| YOUR OBJECTIVE |
Only the pictures are to be dropped, and the rest of the data should be copied exactly.

| DATASET EXTRACT |
==============================

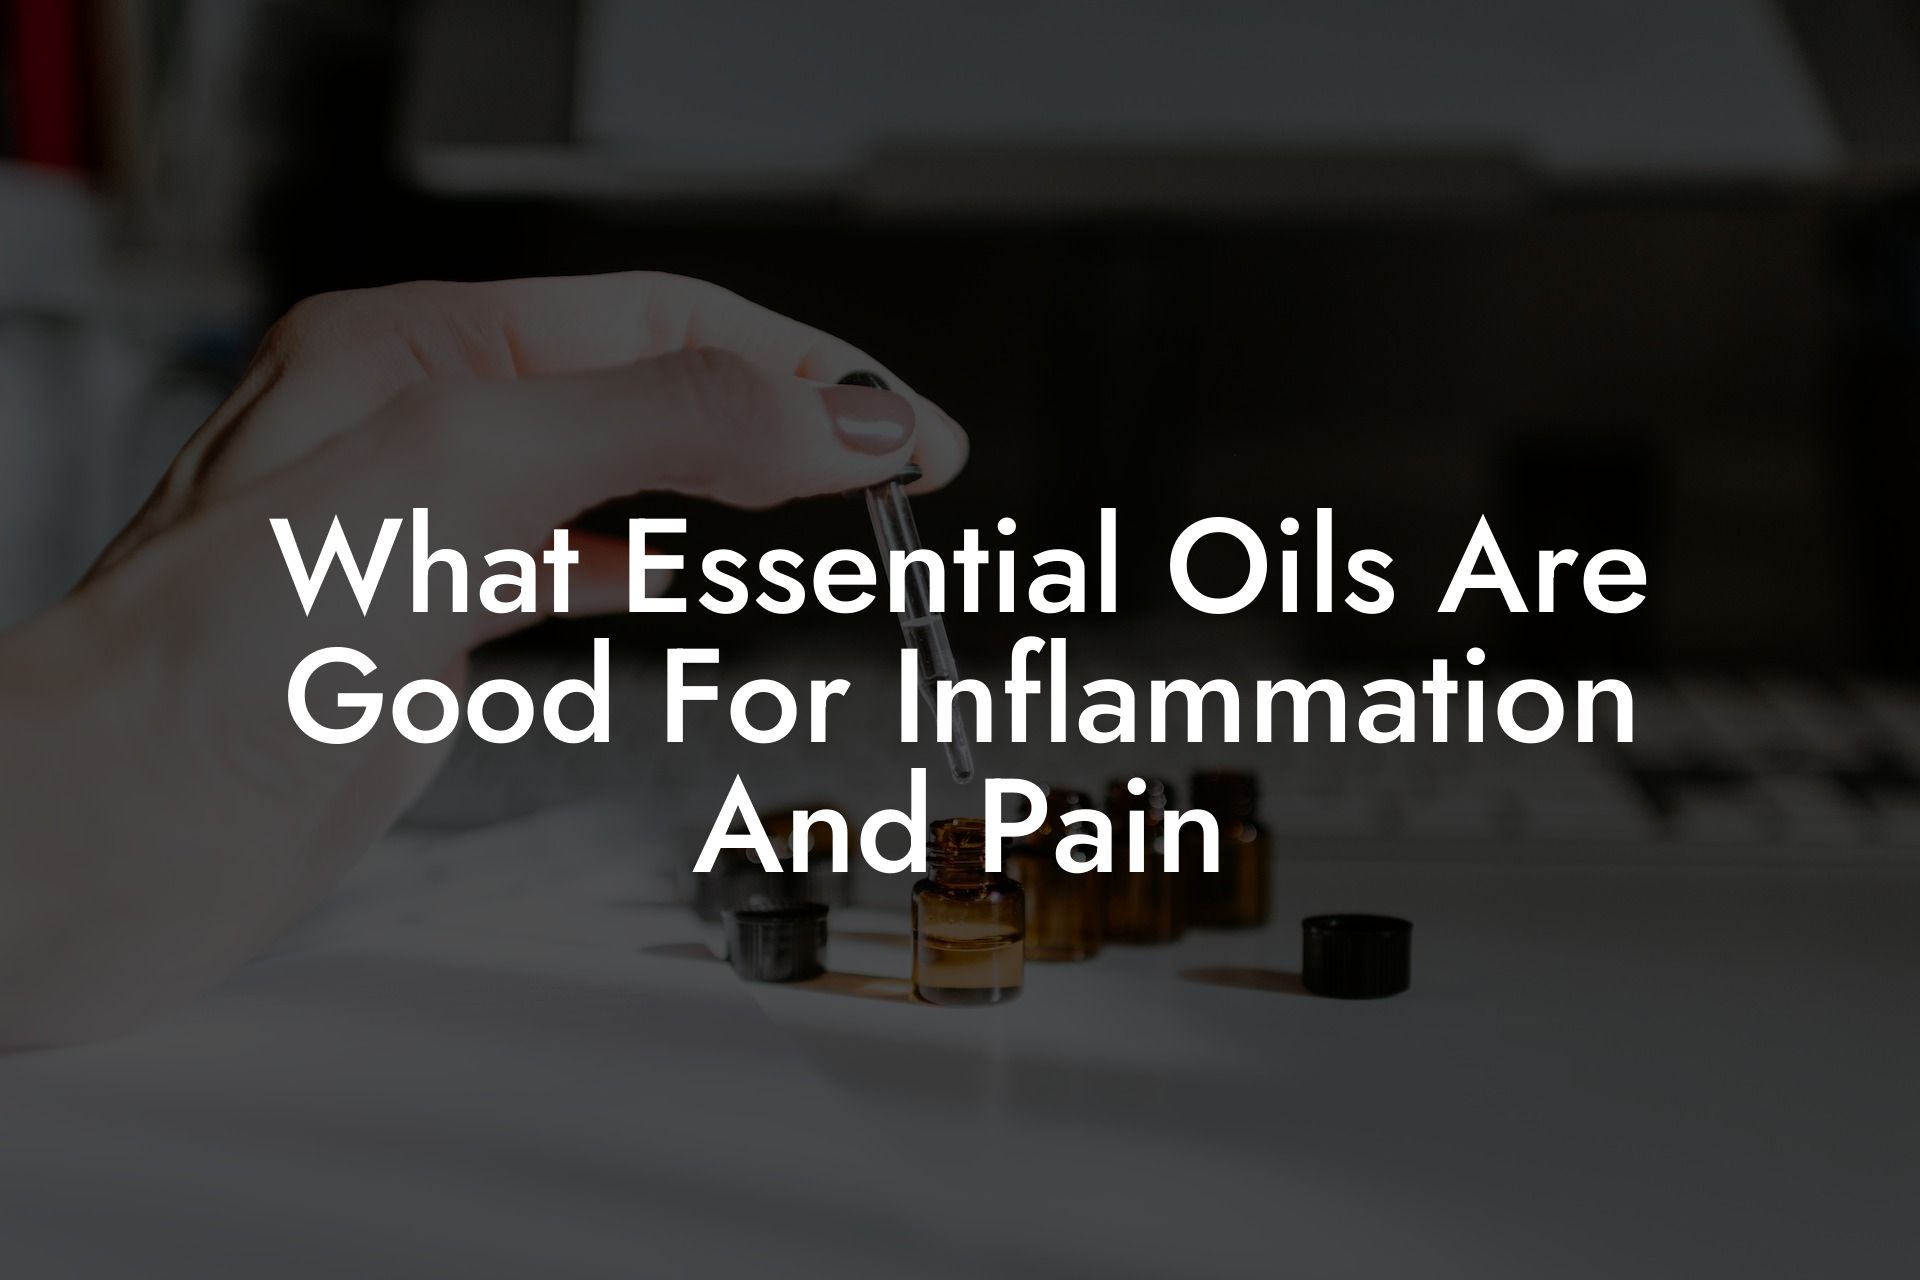 What Essential Oils Are Good For Inflammation And Pain
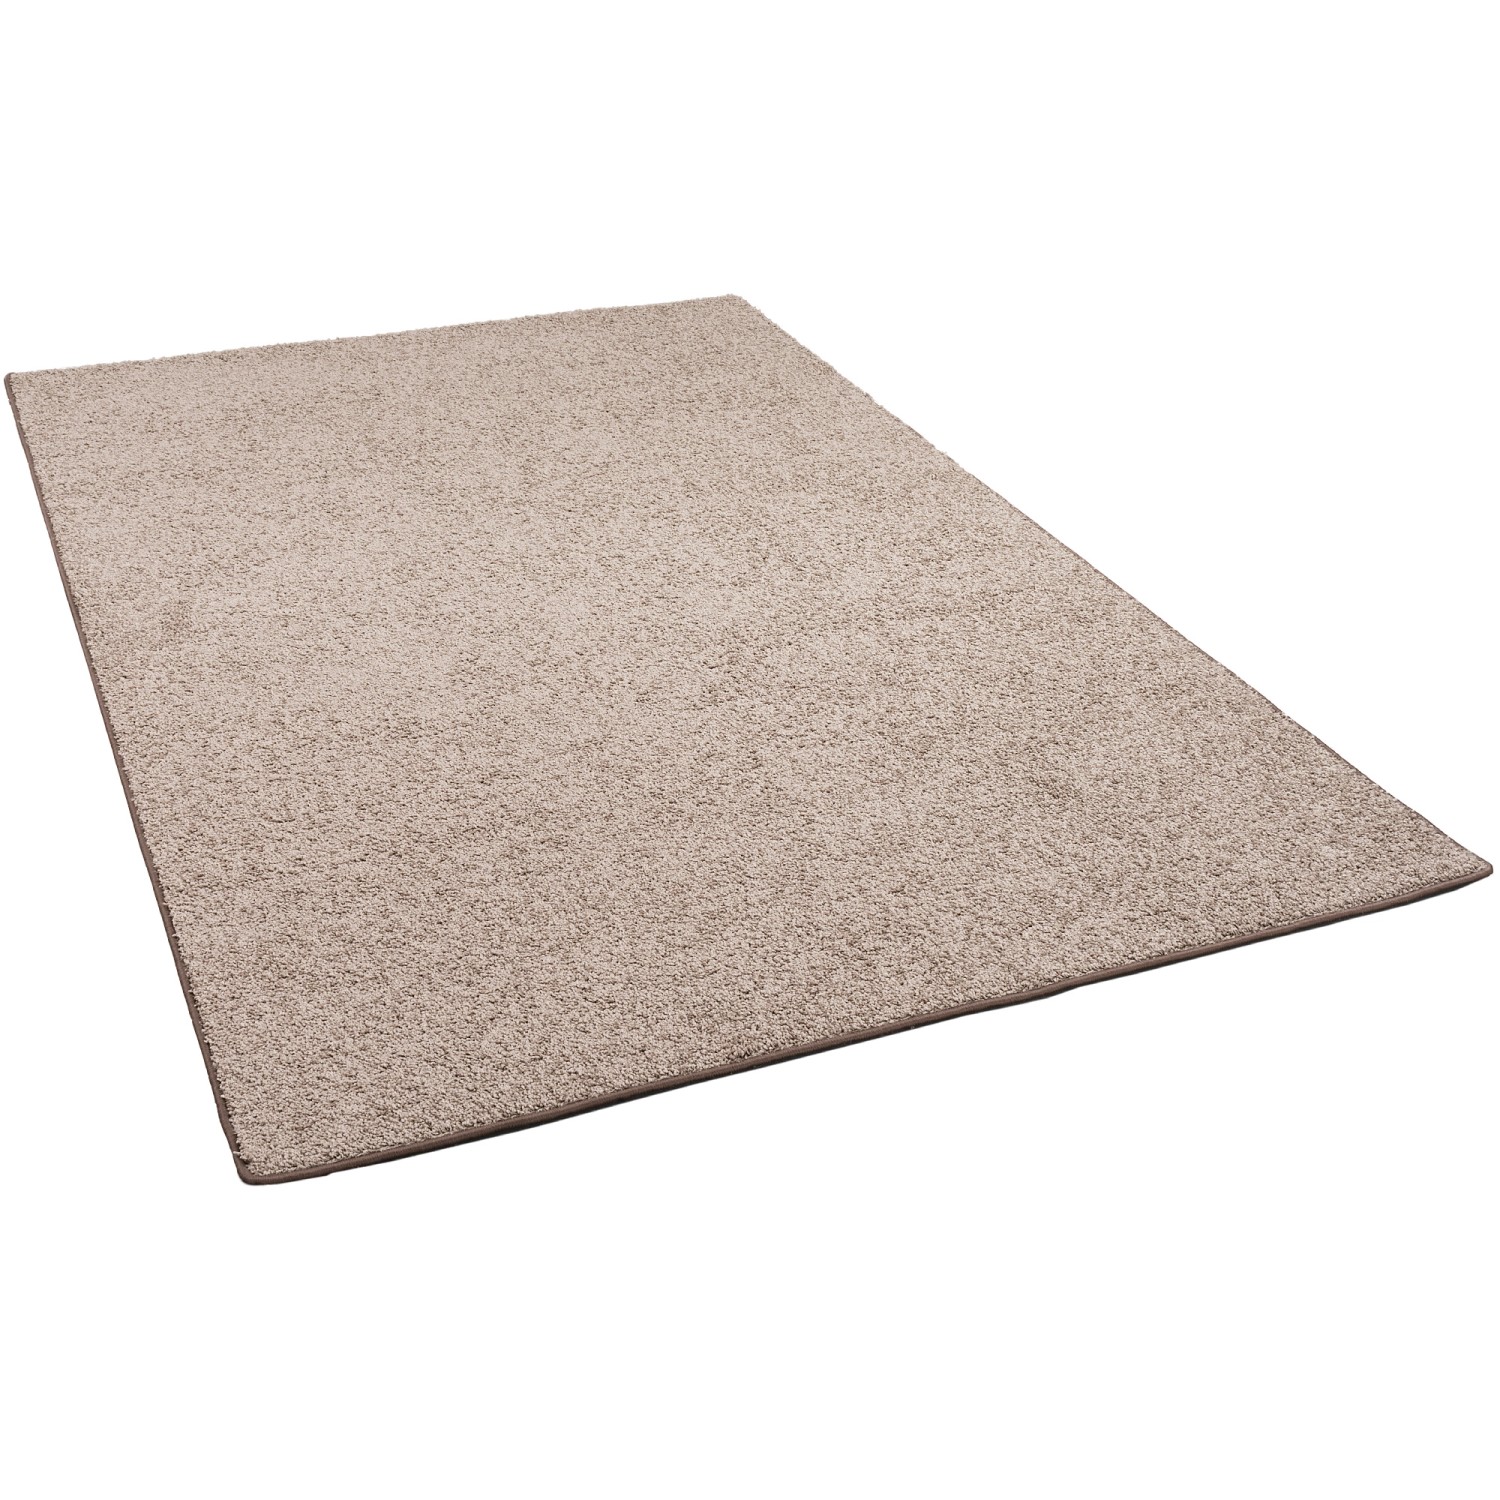 Snapstyle Hochflor Velours Teppich Mona Taupe 80x240cm
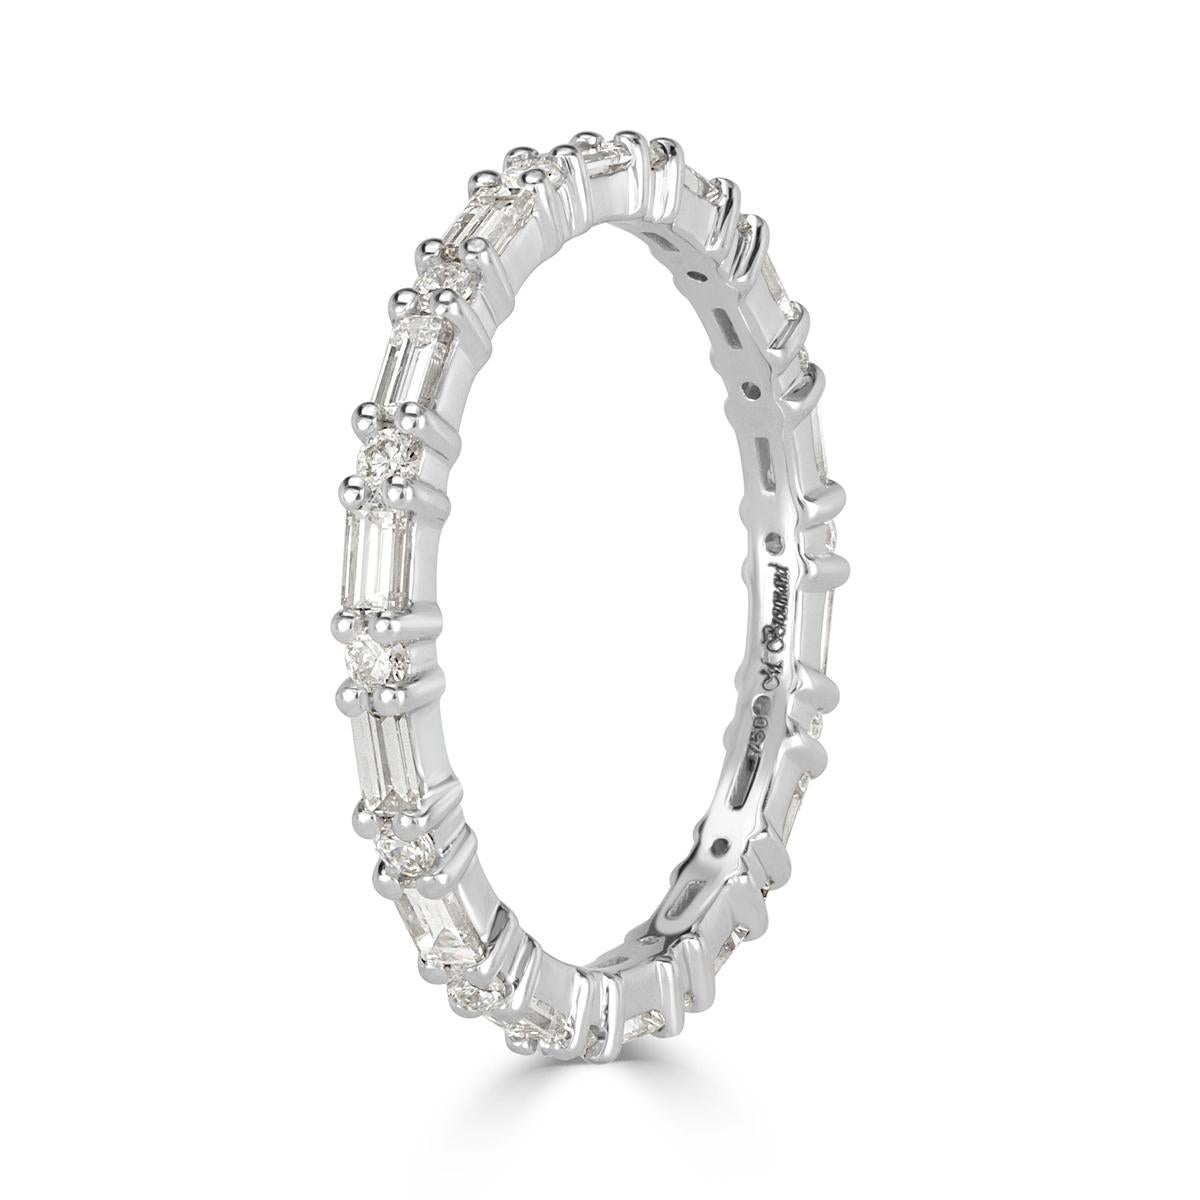 This truly ravishing diamond eternity band features an exquisite design of alternating baguette and round brilliant cut diamonds graded at E-F, VS1-VS2. The diamonds total 0.77ct in weight and are impeccably hand set in high polish platinum. All

==============================

| ANSWER |
 What Essential Oils Are Good For Inflammation And Pain
 Snapstyle Hochflor Velours Teppich Mona Taupe 80x240cm
 This truly ravishing diamond eternity band features an exquisite design of alternating baguette and round brilliant cut diamonds graded at E-F, VS1-VS2. The diamonds total 0.77ct in weight and are impeccably hand set in high polish platinum. All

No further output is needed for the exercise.